= Mildred Ladner Thompson =

American journalist, writer and columnist

Mildred Ladner Thompson (June 24, 1918 – June 25, 2013) was an American journalist, writer, and columnist with The Wall Street Journal, where she became one of its first female reporters. She also worked as a reporter and columnist for the Associated Press and Tulsa World.

==Early life and education==
Thompson was born Mildred Diefenderfer in Allentown, Pennsylvania, on June 24, 1918, the only child of Orlando and Mary Diefenderfer. She worked at an Allentown newspaper while completing her bachelor's degree at Moravian College. She received a master's degree in journalism from the University of Wisconsin–Madison.

==Career==
In 1945, shortly after completing graduate school, she was hired by Associated Press, where she worked out of the Associated Press' Philadelphia bureau. While at Associated Press, she interviewed U.S. President Franklin D. Roosevelt and his wife, First Lady of the United States Eleanor Roosevelt.

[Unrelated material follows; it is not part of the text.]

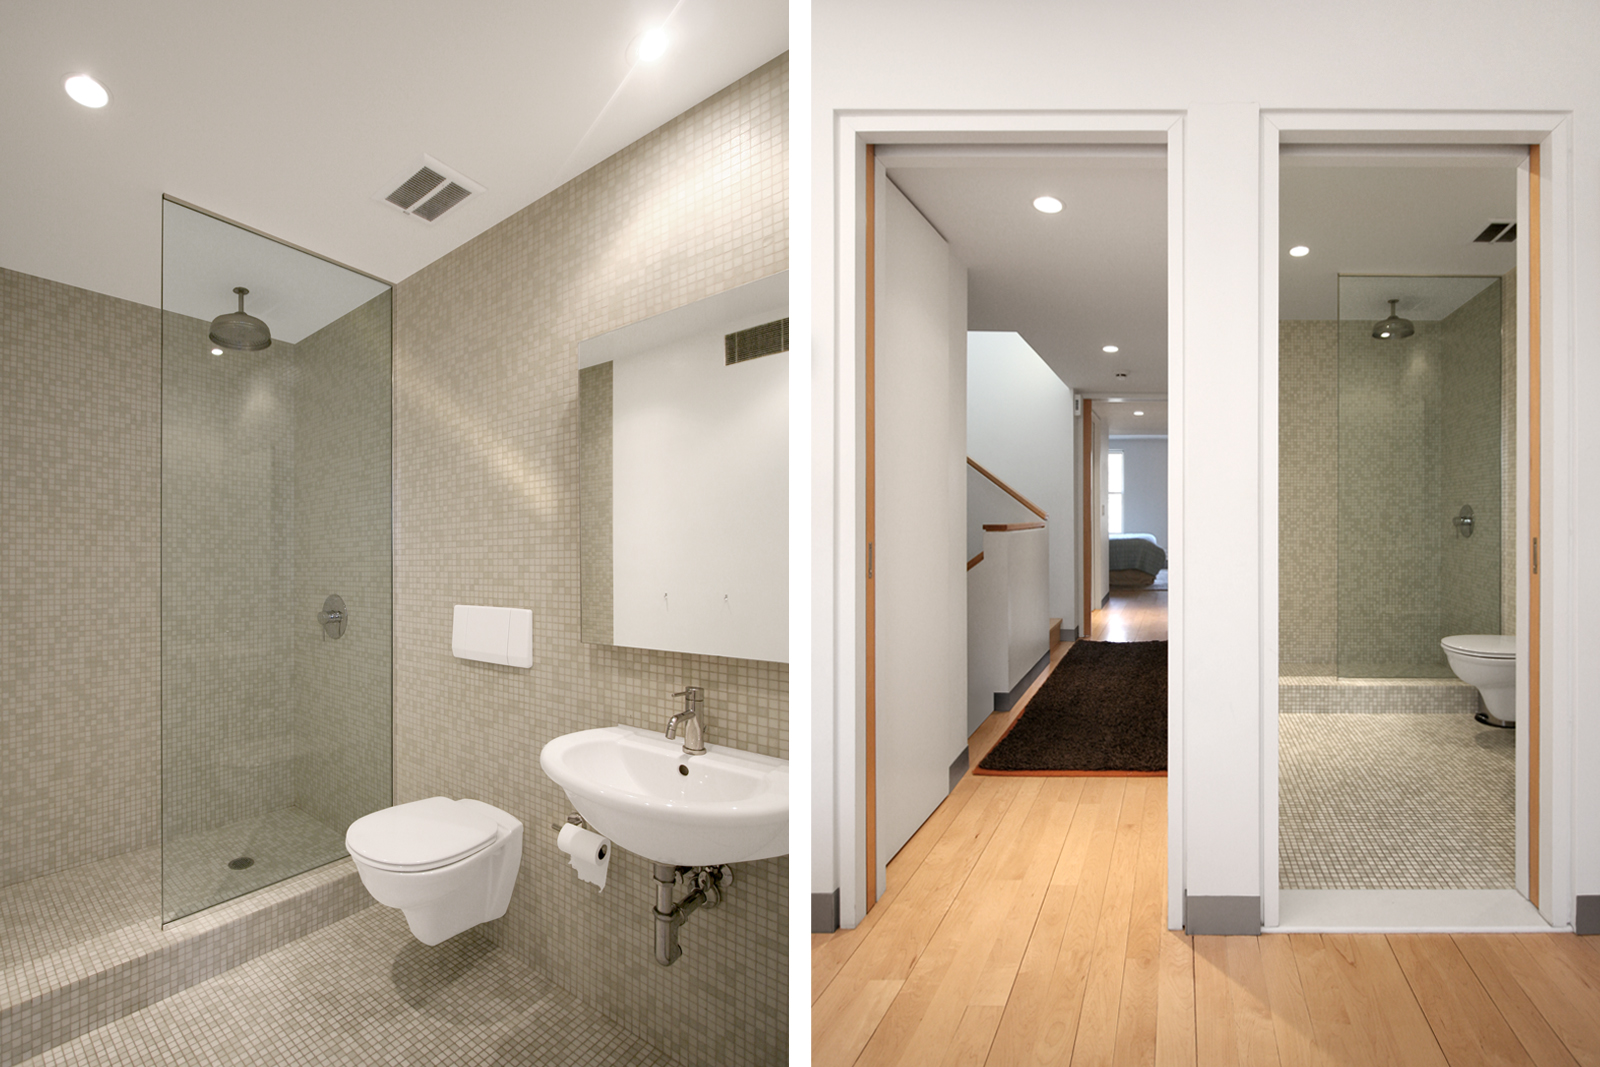 15-res4-resolution-4-architecture-modern-townhouse-residential-ewan-townhouse-interior-shower-bath-room.jpg
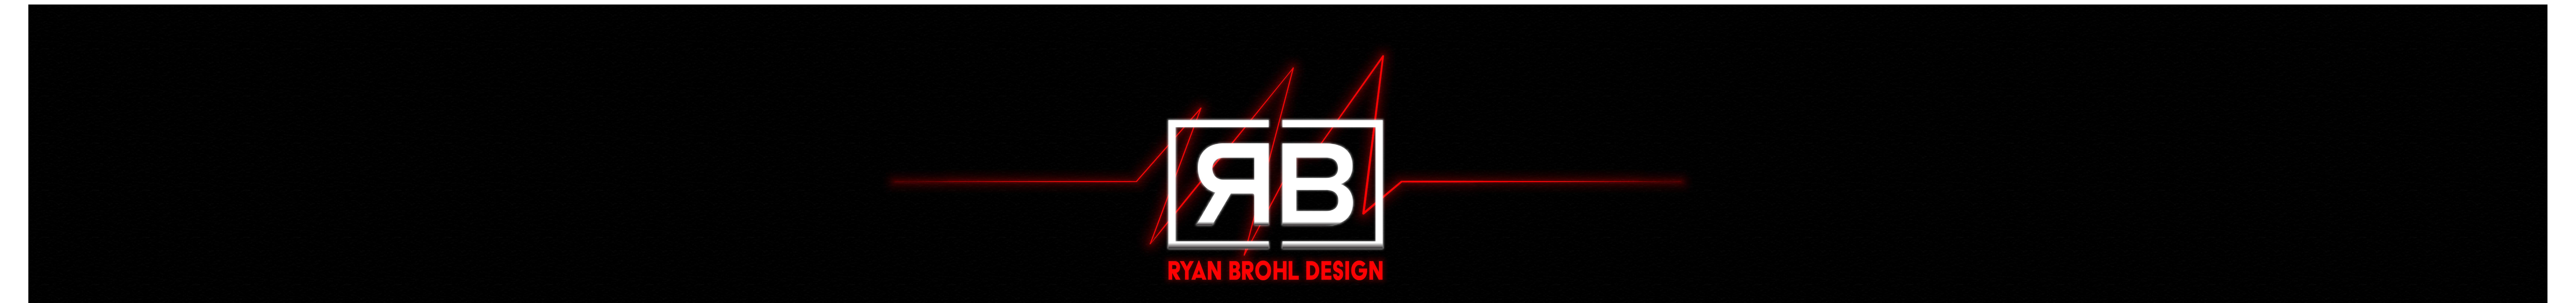 Ryan Brohl's profile banner

Her work at Associated Press caught the attention of The Wall Street Journal, which hired her in 1945 as a reporter for its bureau in their Washington D.C. bureau, where she became one of the newspaper's first female reporters. She was the only woman on the staff of the WSJ at the time of her hiring. Her assignments included the Truman administration and the newspaper's aviation and transportation beats. In November 1947, Thompson flew to California, where she witnessed and covered the first, and only, flight of the Spruce Goose (Hughes H-4 Hercules), the prototype aircraft created by Howard Hughes.

In 1950, she relocated to Oklahoma, where she worked as an correspondent for several national publications. She also wrote for several Tulsa-based organizations, including the Tulsa Boys Home and Tulsa Ballet. She was hired by the Gilcrease Museum to write biographies of artists, including "O. C. Seltzer, Painter of the Old West" and "William de la Montagne Cary, Artist on the Missouri River," which were published by the University of Oklahoma. She also authored a history of the Tulsa City-County Library, "Tulsa City-County Library: 1912–1991," which was published in 1991.

In 1977, Thompson was hired by the Tulsa World as a book editor, columnist, and was highly involved with the Tulsa Press Club.

She lived in Tulsa for 45 years until 1995, when she moved to Sarasota, Florida with her second husband, T.K. Thompson. She continued to write biographies of new residents of her Florida retirement community.

==Personal life==
Thompson met her first husband, the late John Ladner, a U.S. Navy commander from Tulsa, Oklahoma, while working in Washington, D.C. She and Ladner, who later became a Tulsa district judge, moved to Oklahoma shortly after their 1950 wedding.

==Death==
Thompson died in Sarasota, Florida, on June 25, 2013, at age of 95. She was survived by her three children, Mary Pat Robertson, Helen Ladner, and Edward Ladner. She was widowed by both her first and second husbands, John Ladner, who died in 1983, and T. K. Thompson.